Met some friends for a glass or two of wine after work and we popped the following:
1989 Cos d’Estournel: Poured dark and young and opened up well with a bit of air into a classic, brawny, savory St. Estephe. Nose gives an expectedly aged dark fruit profile, with a brambly blackberry note, but it’s the rest of the nose and palate that give this character, with a bit of salinity and pit grilled meaty note. There is some nice acid and a hint of sweet pipe tobacco. Overall this is a very serious wine begging for a piece of red meat but is delightful on its own. Tannins are there supporting another decade plus of aging, but I’m not sure to what benefit. 93-94.
2018 Domain de la Vougeraie Clos Vougeot: A very Monty Python “And now for something completely different!” bottle to open, but it was fun having these side by side because they were so different. They rather highlighted each other because of it. I liked this quite a bit. The nose is exciting and very aromatic, giving a big pop of lavendar and raspberry and cherry with undertones of spices and, I admit, a hint of creamy oak though well integrated. The palate is fruit driven but with a pretty bright profile with raspberry and those lively red plums you use for a tart, not the deep black ones that make me think of cali cab. On the finish you pick up a hair more oak and not insubstantial tannins bolstering the fruit and cut. This will be a fun one to drink over the next 20 years, but it’s pretty fun now and our small group ripped through more of this than the Cos and in less time. 93-94 too, but different and color me interested in how this develops. Could be a serious winner in a decade.

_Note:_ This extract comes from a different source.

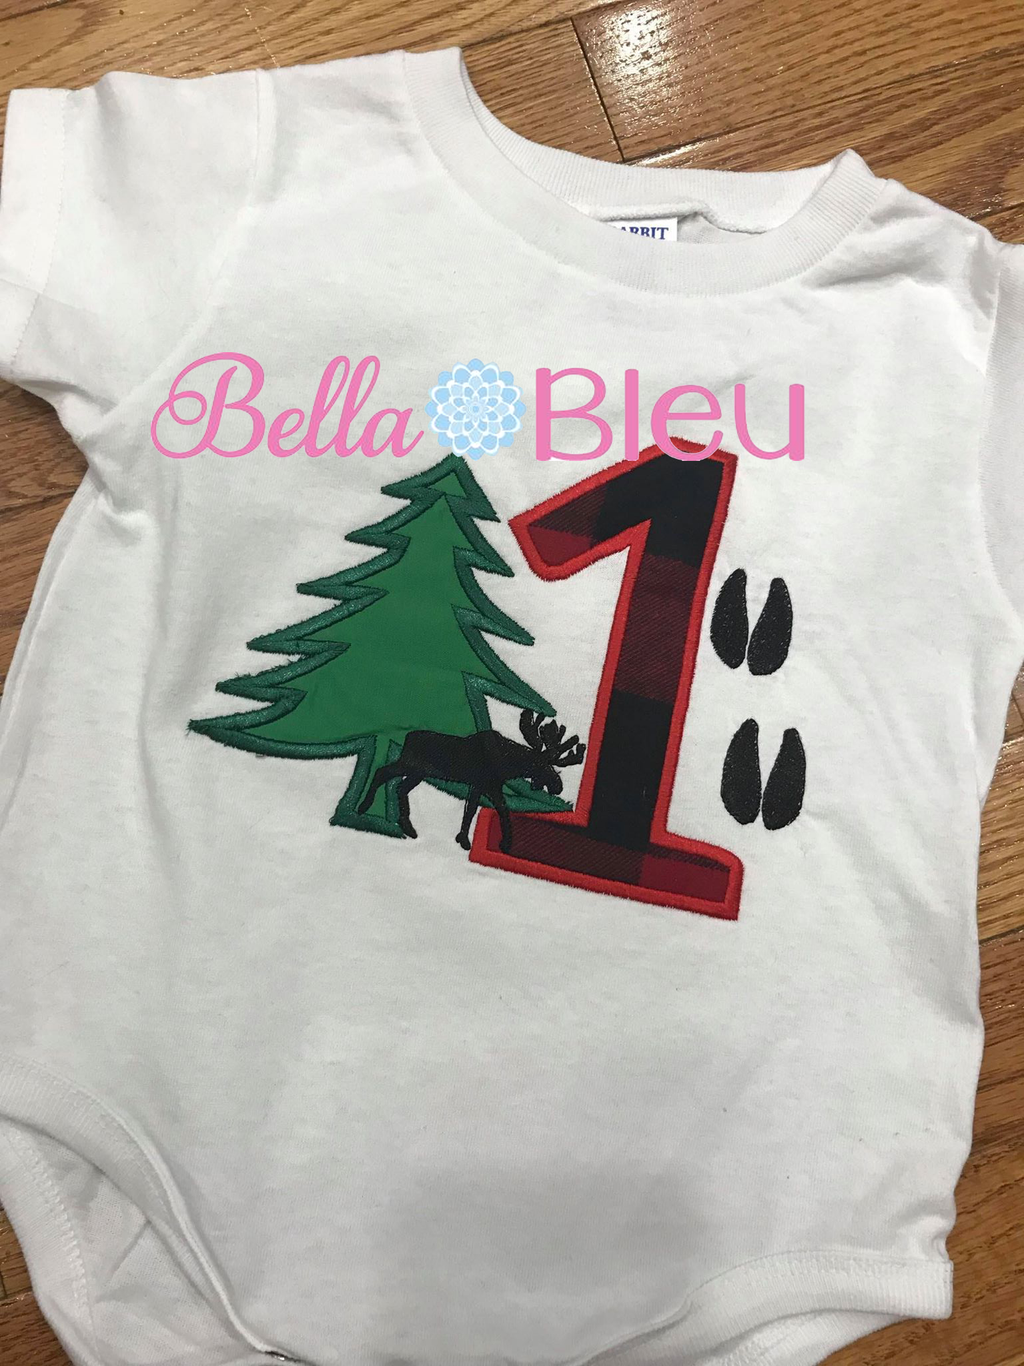 Baby's 1st First Birthday Lumberjack theme with pine tree , moose and deer tracks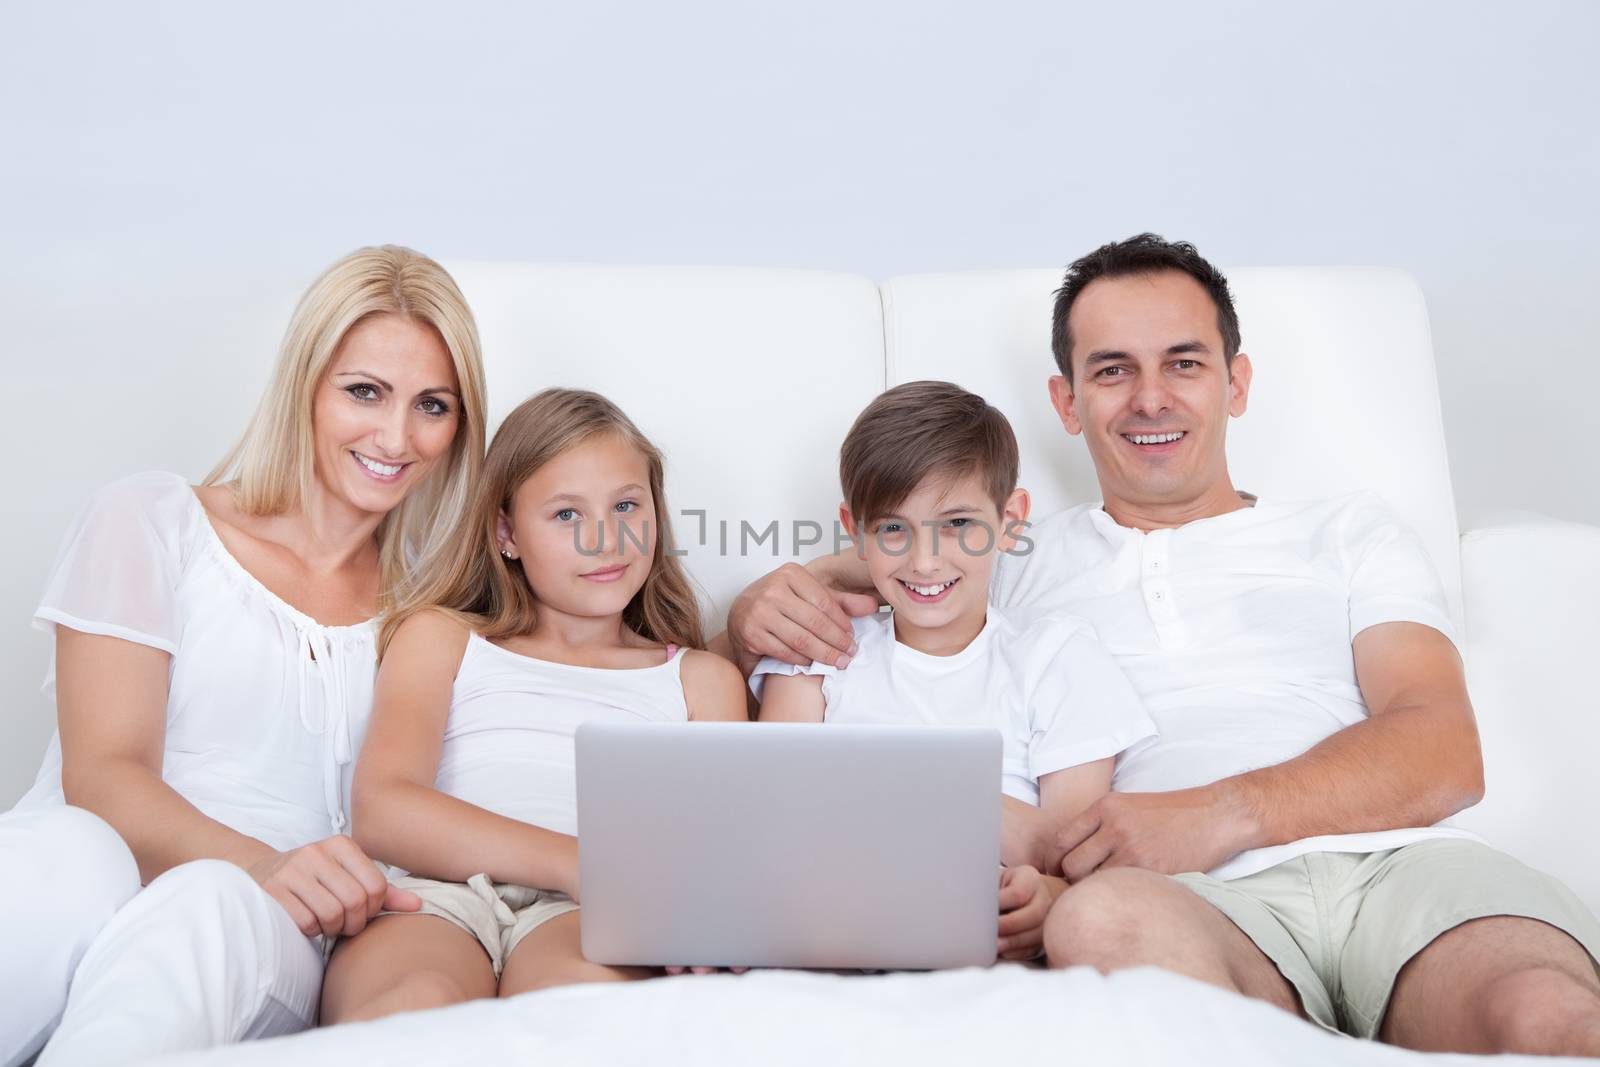 Portrait Of Happy Family With Two Children Sitting On Bed In Bedroom

1998 Jean Grivot Echezeaux - I had high hopes for this bottle, opened by folks at another table who offered a taste, but was disappointed as the wine showed a bit of a figgy faded fruit profile, sous bois, and baking spice, which all together I found uninspiring and a bit cloying, finishing with some grip. While I only had a couple of ounces of this, I wonder if this has seen perfect storage and if it has, what the cork looked like. It’s possible this was slightly oxidated and if not, it wasn’t a very lovely wine.
Conversation did turn to an interesting inquiry: Which producer makes America’s greatest white wines? I said that for my palate, I think it might be Walter Scott. Curious y’all’s take (yes, I’m from Texas, and y’all’s is a word).